No matter what you drive it’s not going to be to everyone’s taste so if you’re worried, just go for it – be yourself! Walk into that room, walk into that car show, say “hey!”, be cheerful and just go with it. People will either like you, or they won’t, but either way you’ve tried and that’s the best thing you can do.
Before I went to car shows or joined any groups I was a really shy person. I never used to be the person to speak first and I didn’t go to anything on my own because I worried about starting conversations, but cars give you something in common to chat about. Gurt’s enabled me to connect with other people and myself, and has given me confidence I never thought I’d have. When you own a car that turns heads, wherever you go you’re going to stand out like a sore thumb so you learn to stop worrying and embrace being different. Over the last few years I’ve found myself being just her – really whacky and sometimes annoying!
I dread to think what would have happened if I didn’t have Gurt – I probably would have ended up with a KA – and I also wouldn’t have had so many amazing experiences. Recently, I was invited to take part in a BBC dating show that paired people based on the cars they drive. I said I liked cars that were “old, funky, weird and that nobody else has” and they matched me with someone who had a 90s BMW which is not really my style.

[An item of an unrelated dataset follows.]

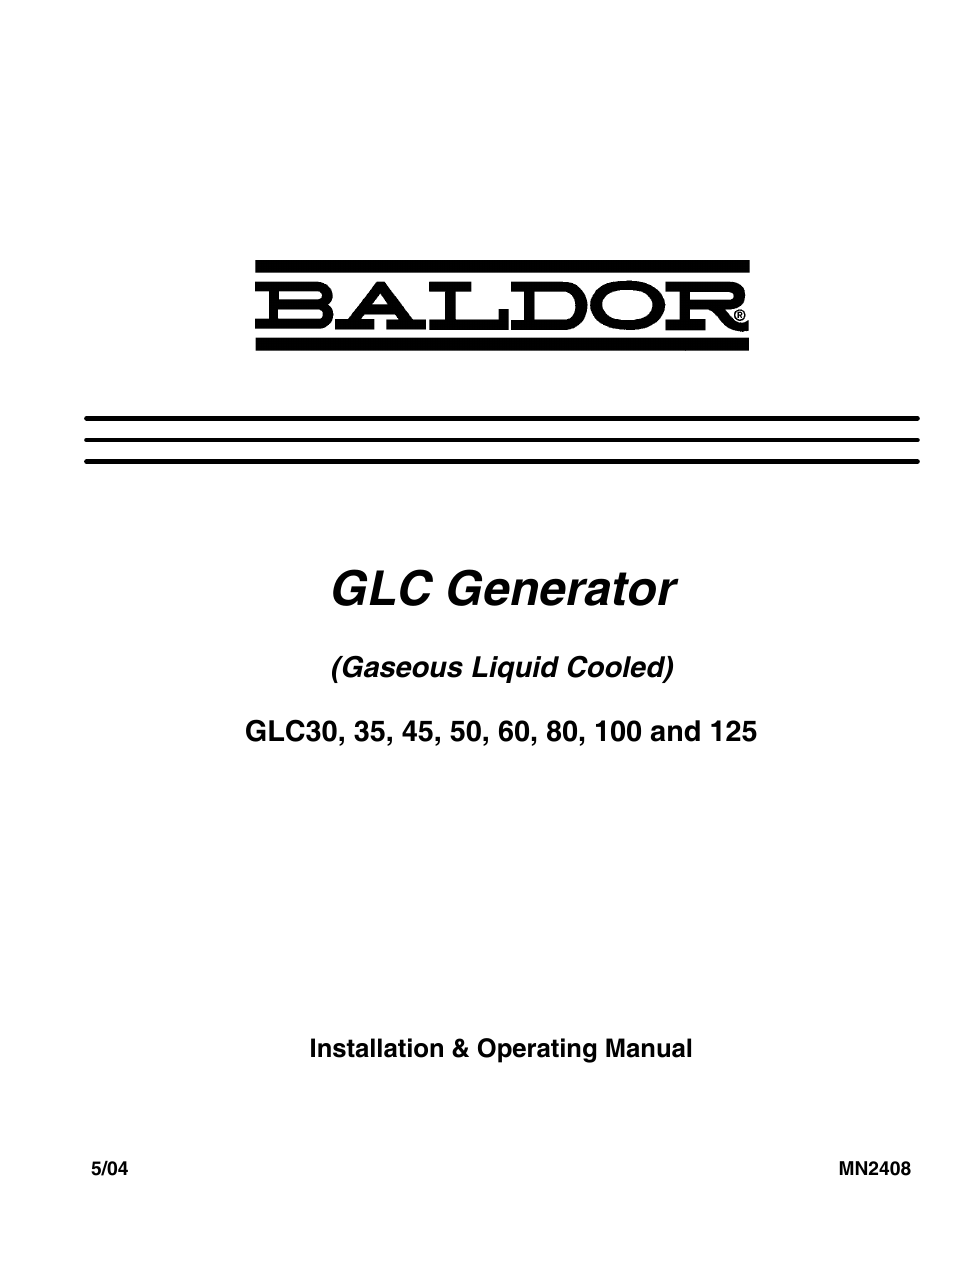 GLC GENERATOR GLC50

The whole thing was really out of my comfort zone; the date took place in the back of a super car while being ragged about on the Top Gear test track. It was quite awkward, especially with the cameras, and even though my date and I had fun, we friend zoned each other. Gurt was only on the TV for a few seconds (my main reason for agreeing to do it) but I was still like ooh, watch out, someone’s stealing the limelight!
I think its important to be honest in life and on social media. I see glamorous shots of old cars on Instagram all the time but that’s not what classic motoring is all about. The reality is that it comes with risks because like any machines they wear out and go wrong. The best thing for people who are thinking about getting an old car to do is to find out what they need to prepare for such as common faults, where its susceptible to rust, and parts availability, and then? Just go for it. Why dream about something if you’ve got the ability to go and get it? If the “what if?” things happen, you can fix it. No regrets.

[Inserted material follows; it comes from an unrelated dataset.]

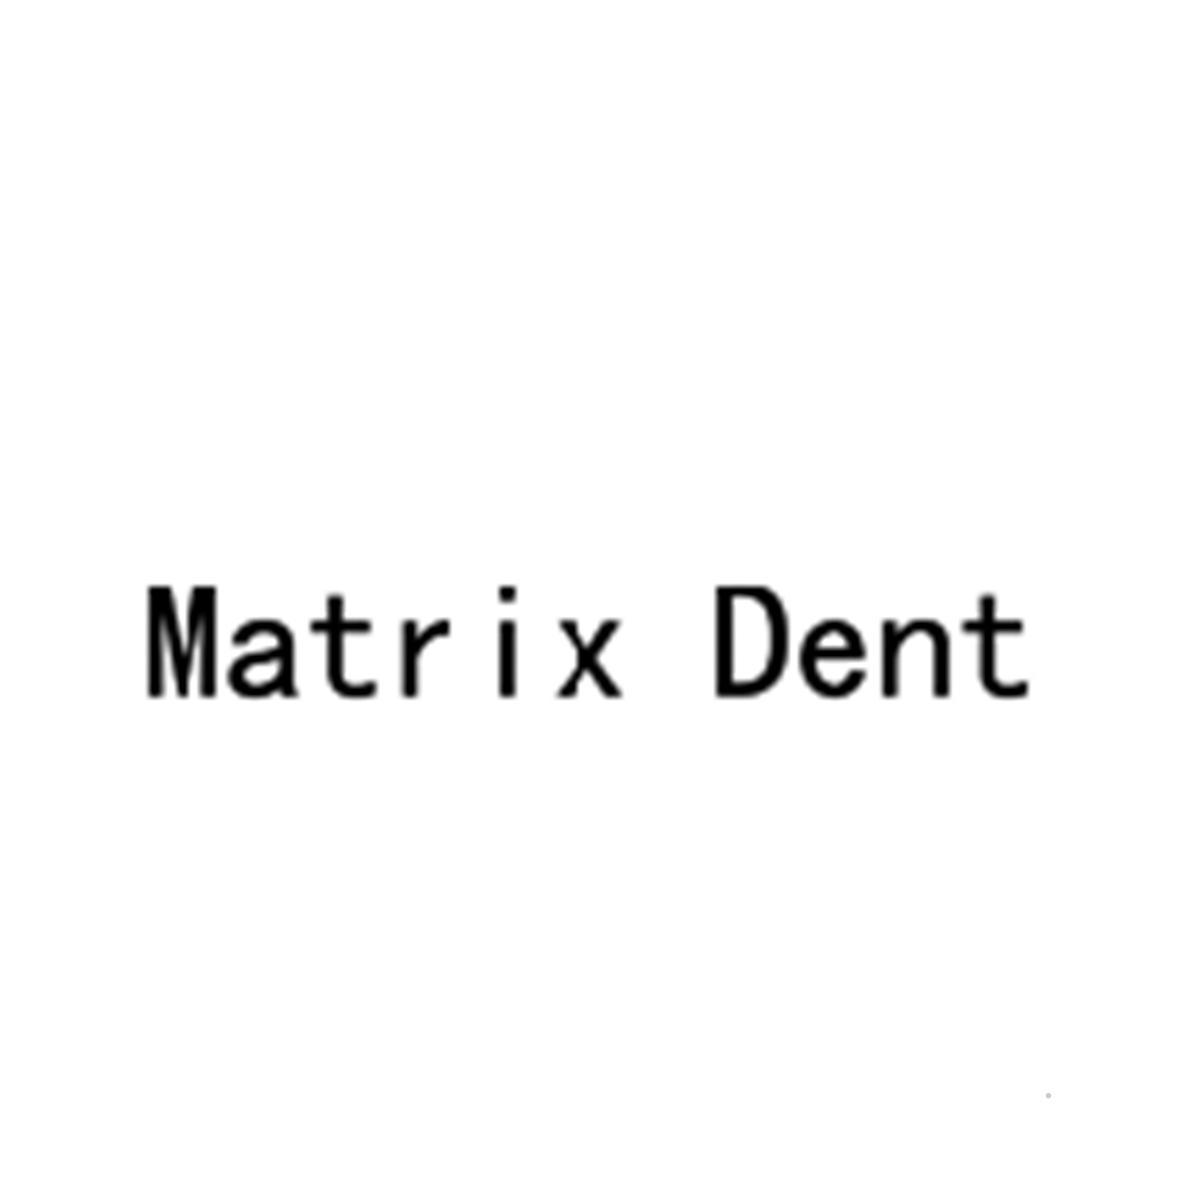 MATRIX DENTlogo

Owning Gurt has been a learning curve for mum and I – we do all the basic maintenance, servicing and mechanics ourselves – and I’ve re-dyed the carpets, re-painted the interiors and spruced up the leather upholstery. My dad was kind enough to have Gurt re-sprayed for my 17th birthday but they did a terrible job and it’s all starting to peel off so I’ve been teaching myself how to do it. I’ll do the best that I can, but it doesn’t have to be factory perfect because I’d never sell her.
I don’t think there’s any point waiting for nice days to go for a drive, it’s a waste of a car. You’ve got all that money on wheels sat there – if it works and it’s roadworthy, enjoy it. After seeing my mum go through cancer, I think life is too short to drive something you don’t love.”